The main point is that the scaling issues Mutlu described in terms of reliability can be solved by implementing a controller, something that has been done with both HMC and HBM. The ability for errors to be corrected within the system will be even more important for the largest-scale systems, including the forthcoming Aurora supercomputer at Argonne and other pre-exascale machines, where reliability (ECC-related as well as tolerating failure rates) of all components, not just memory, is being put under the microscope. For systems like this, which are data-intensive supercomputers as much as they are floating point powerhouses, the bandwidth capabilities of HBM and HMC type solutions represent a dramatic improvement. For instance on the upcoming Knights Landing processors from Intel, the HBM on the package has around 400 GB/sec of aggregate bandwidth across eight segments of 2 GB of memory using a proprietary link. The two DDR memory controllers on the chip have around 90 GB/sec of bandwidth and max out at 384 GB of capacity. So it is 4.5X the bandwidth for HBM than DDR4.
In both of these cases, power is always a concern, especially with HBM where the processor, albeit a very simple one, is stacked in a way that doesn’t allow the heat to escape easily. “They are similar in theory,” Mutlu explains, “but HBM is more like an evolutionary step from existing memory in that the interface is not changed too much. That will make it easier to adopt and might be the reason why so many systems will be using that approach.” He notes that HMC, while offering similarly high bandwidth and low latency, has a different interface to memory, changing it to something which looks, at the high level, somewhat like a network in how it deals with memory in a packets-based interface.
These are all technologies that we can see without a telescope, but Mutlu says there are far more promising memory solutions on the horizon—it will just be five to ten years before they ever find their way to market.
“The DRAM space is changing, it is really bifurcating. We used to just have commodity DRAM (DDR), but there is also DRAM in the mobile space, which is driving a lot of work since power is a concern, so there are new ways to adjust refresh to keep pace there. There is also work happening in graphics DDR (GDDR), which requires more bandwidth,” Mutlu explained. “As processing becomes more heterogeneous, so too does memory. We have more options in the near term driven by all of these things, so that will keep expanding.”

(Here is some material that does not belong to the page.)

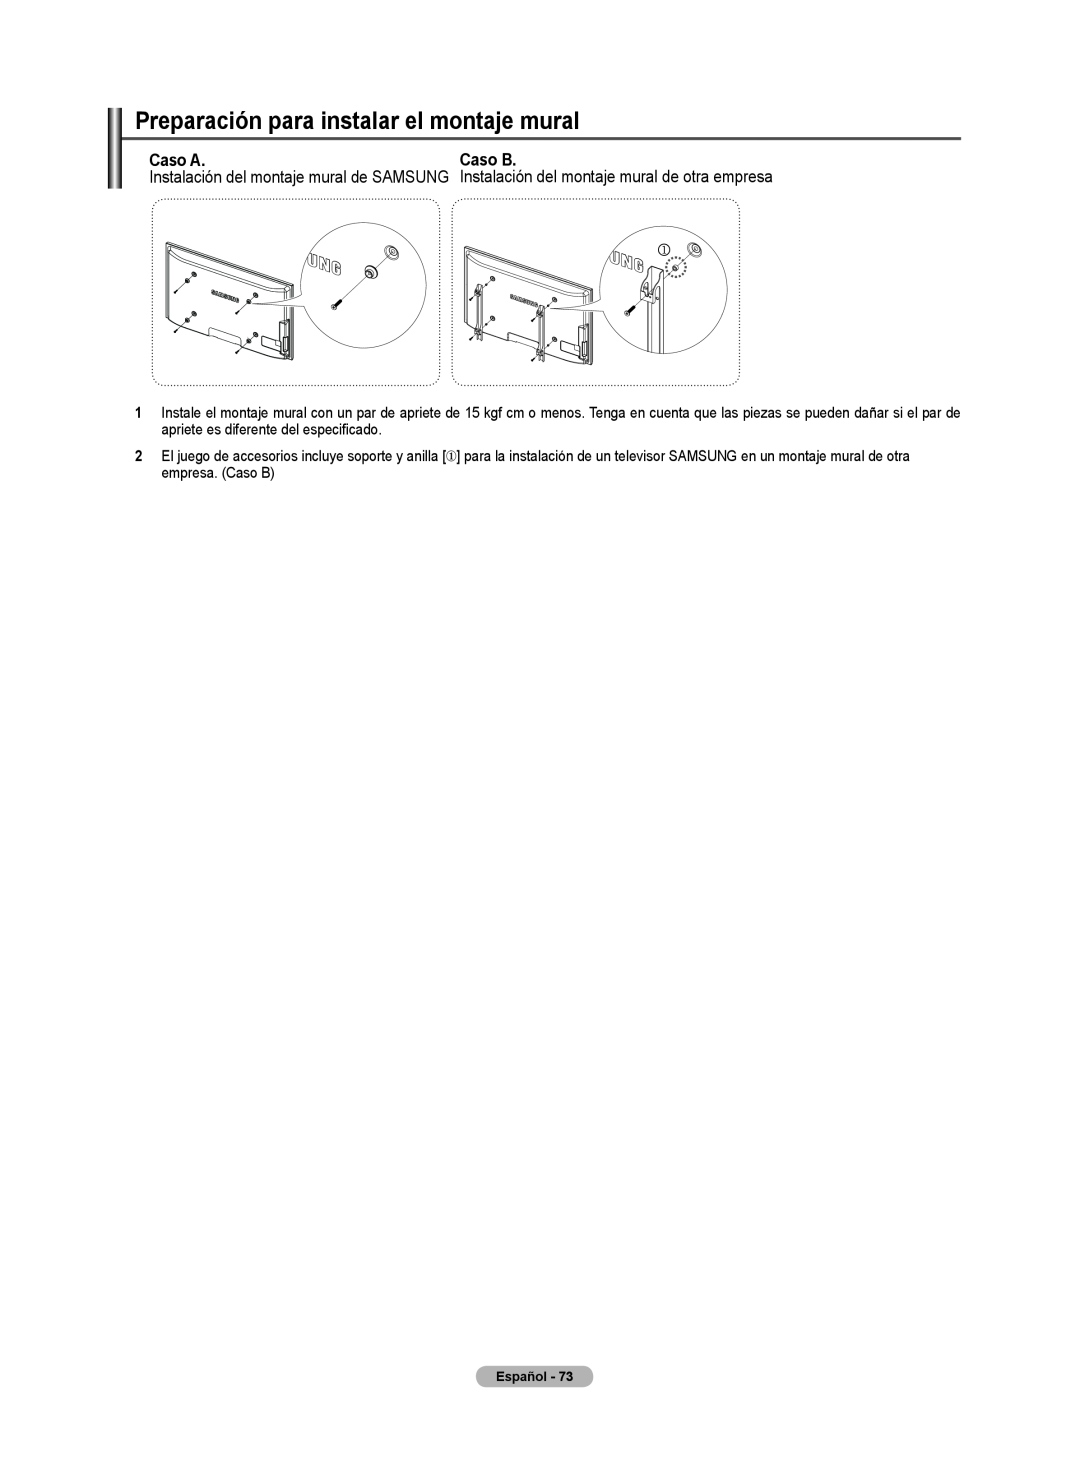 Samsung 510 user manual Preparación para instalar el montaje mural, Caso A, Caso B 
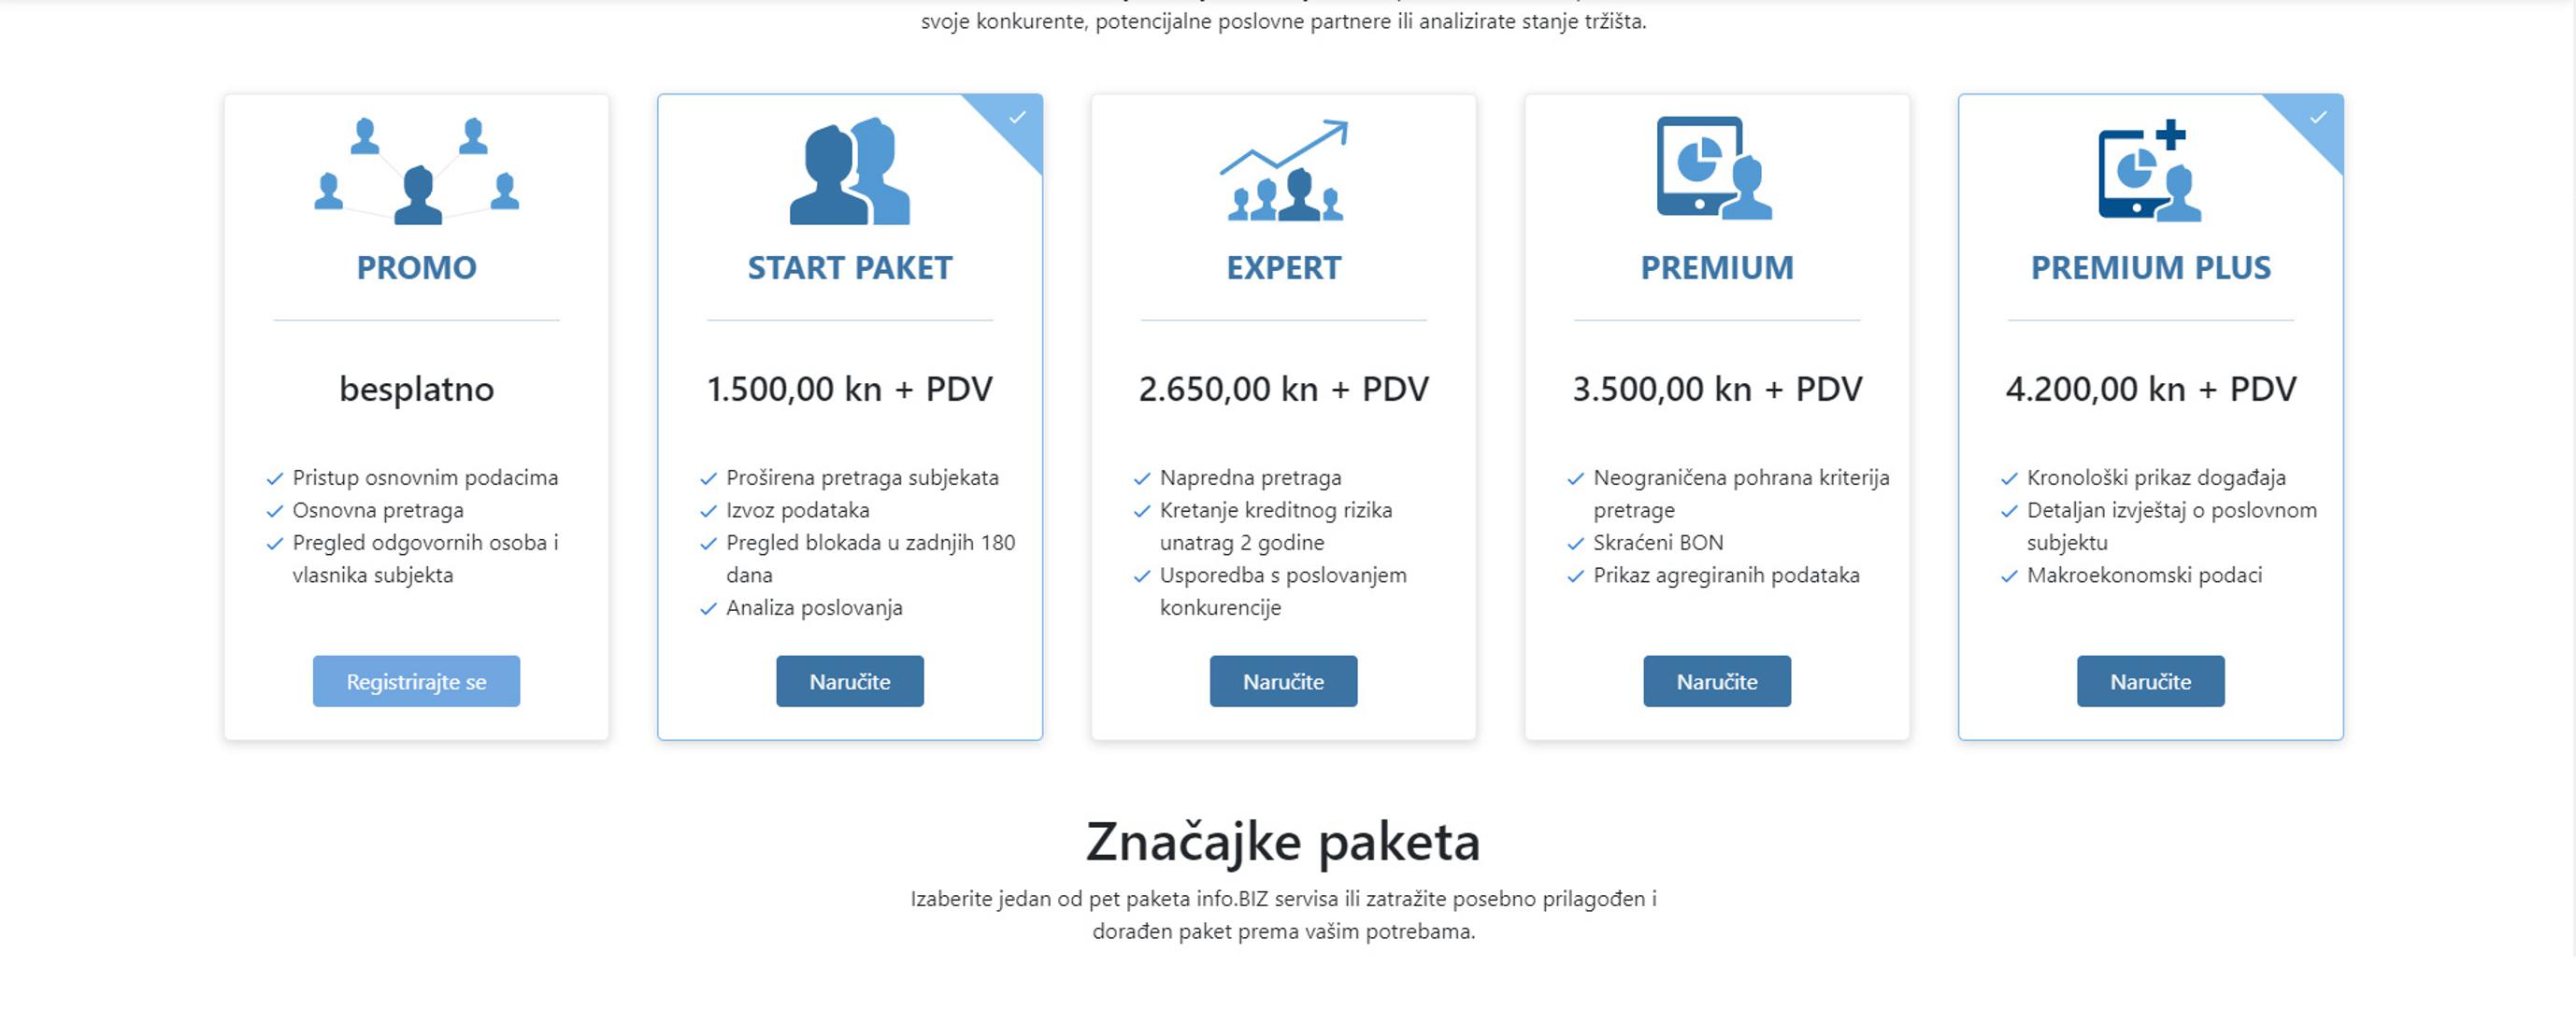 Korisnički paketi Info.BIZ portala

In terms of upcoming non-volatile technologies on the horizon, Mutlu said phase change memory appeared at first to be the most promising, but as they explored further, the power consumption problem was too prominent to offer a valid alternative next to another proposed memory coming in the next five years (or further), spin-transfer torque magnetic memory. This is closer to DRAM characteristics on chip, Mutlu says. “Phase change memory prototypes we’ve investigated have a 4X higher read latency. While write latencies are not higher with phase change, these aren’t as important. This, combined with the power requirements makes it hard to tell, but again, we’re still a long ways from seeing these things demonstrated.”
And, even if a memory technology does show promise as a system component, there is the whole problem of money that can get in the way.
“In the end, cost is the critical determinant—if it fits a good cost point at the level of the memory hierarchy it’s trying to replace,” says Mutlu. “Flash has been extremely successful because it’s much less costly than DRAM, but much higher than hard disks, so it’s filling the gap between DRAM and disk. Now we have a similar gap between DRAM and flash—if there’s a technology that can fit that it could work, it just has to prove itself out in terms of price, and that’s hard to say just now.”